— Не помню.
— Я тоже. Все равно нам не выговорить его фамилии.
— Продолжай. Так, значит, будь он здесь...
— Ну, я бы позволила тебе застрелить его и даже пальцем бы не шевельнула, чтоб его защитить. И даже сказала бы тебе потом: «Молодец». — Эта тема оживила ее. — Ты помнишь, я говорила тебе, что до сих пор не могут изобрести противогазов для грудных детей? Вот что должно быть у него в голове. Матери, живые, смотрят через стекла противогазов, как их детей выворачивает наизнанку.
— Беднякам повезет, — упрямо сказал он. — А до богатых какое мне дело? Проклятая жизнь! А зачем люди детей заводят? — Она едва различала в темноте его напряженную скорчившуюся фигуру. — Любят только себя, — сказал он. — Им одно лишь — поразвлечься, и плевать они хотели, что кто-то увидит свет уродом. Три минуты в постели или под стенкой, а тому, кто родится, целую жизнь маяться. — Он невесело засмеялся, отчетливо представив себе кухонный стол, кухонный нож на полу, платье матери, все залитое кровью.
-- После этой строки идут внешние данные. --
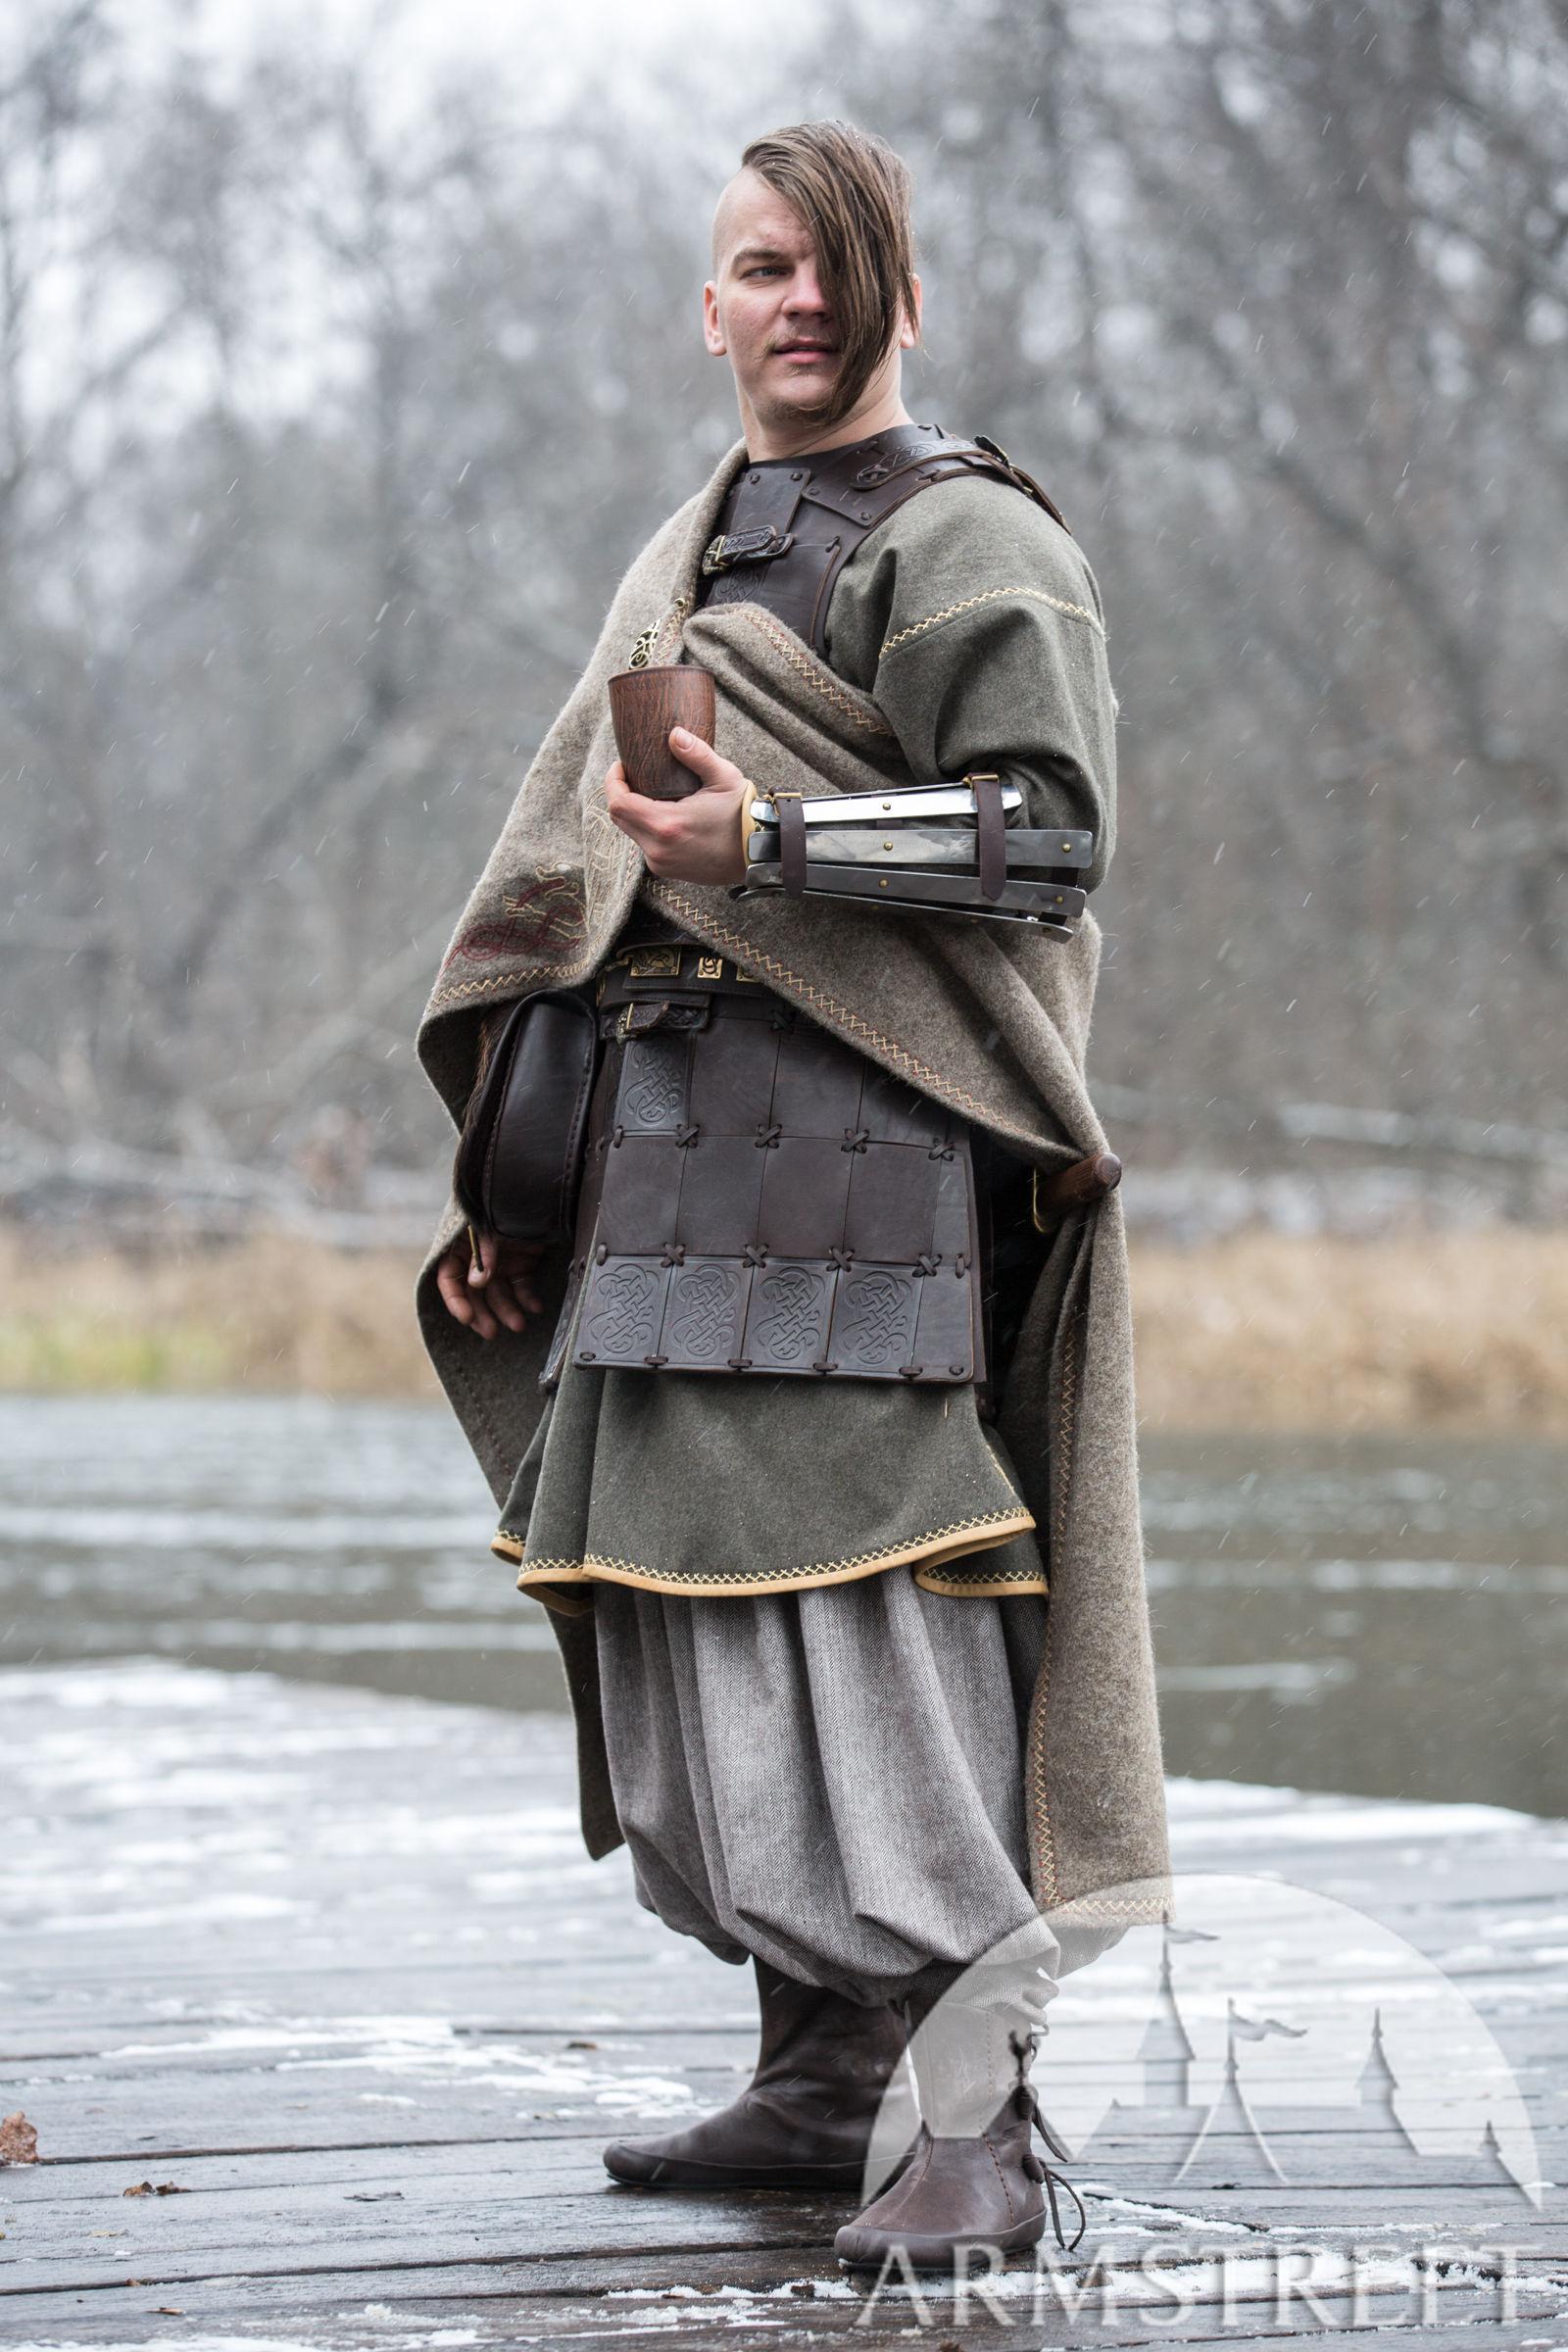 Olegg The Mercenary Viking Cloak With Embroidery For

Он пояснил: — Видишь ли, я прошел воспитание в одном из детских домов его величества. Их так и называют — дома. Что, ты думаешь, значит слово «дом»? — Но он не дал ей ответить. — По-твоему, это муж, у которого есть работа, газовая плита на кухне и двуспальная кровать, домашние туфли, детская колыбелька и все такое прочее? Это не дом. Дом — это карцер, куда сажают тех, кто разговаривал на молитве. За любую мелочь — порка или сажают на хлеб и воду. А того, кто вздумает немного пошалить, сержант тут же отдерет за волосы. Вот в каком доме я вырос.
— Но ведь он пытался изменить этот мир, разве нет? Он был такой же простой человек, как и мы?
— О ком ты?
— Да все об этом убитом, как там его... Разве ты не читал о нем в газетах? Как он урезал военные расходы, чтобы помочь расчистить трущобы? Я помню фотоснимки: он осматривает новые квартиры, разговаривает с детьми. Он был не из богатых. Такой бы не стал начинать войну. За это его и убрали. Держу пари, есть такие, которым его смерть открыла путь к наживе. К тому же, всего в жизни он добился сам, так было написано в некрологах. Его отец был вором, а мать покончила жизнь...
— Самоубийством? — прошептал Рейвен. — Ты читала, как она...
— Она утопилась.
— Да-а, — протянул Рейвен, — послушаешь тебя и поневоле задумаешься...
— Вот-вот, я бы сказала человеку, который его убил... стоило бы задуматься, что он сделал.
— Возможно, — сказал Рейвен, — он не знал, о чем сейчас пишут газеты. Люди, заплатившие ему, — те-то все знали. Если б нам было известно все, что нужно, мы бы, наверное, сумели залезть в его шкуру.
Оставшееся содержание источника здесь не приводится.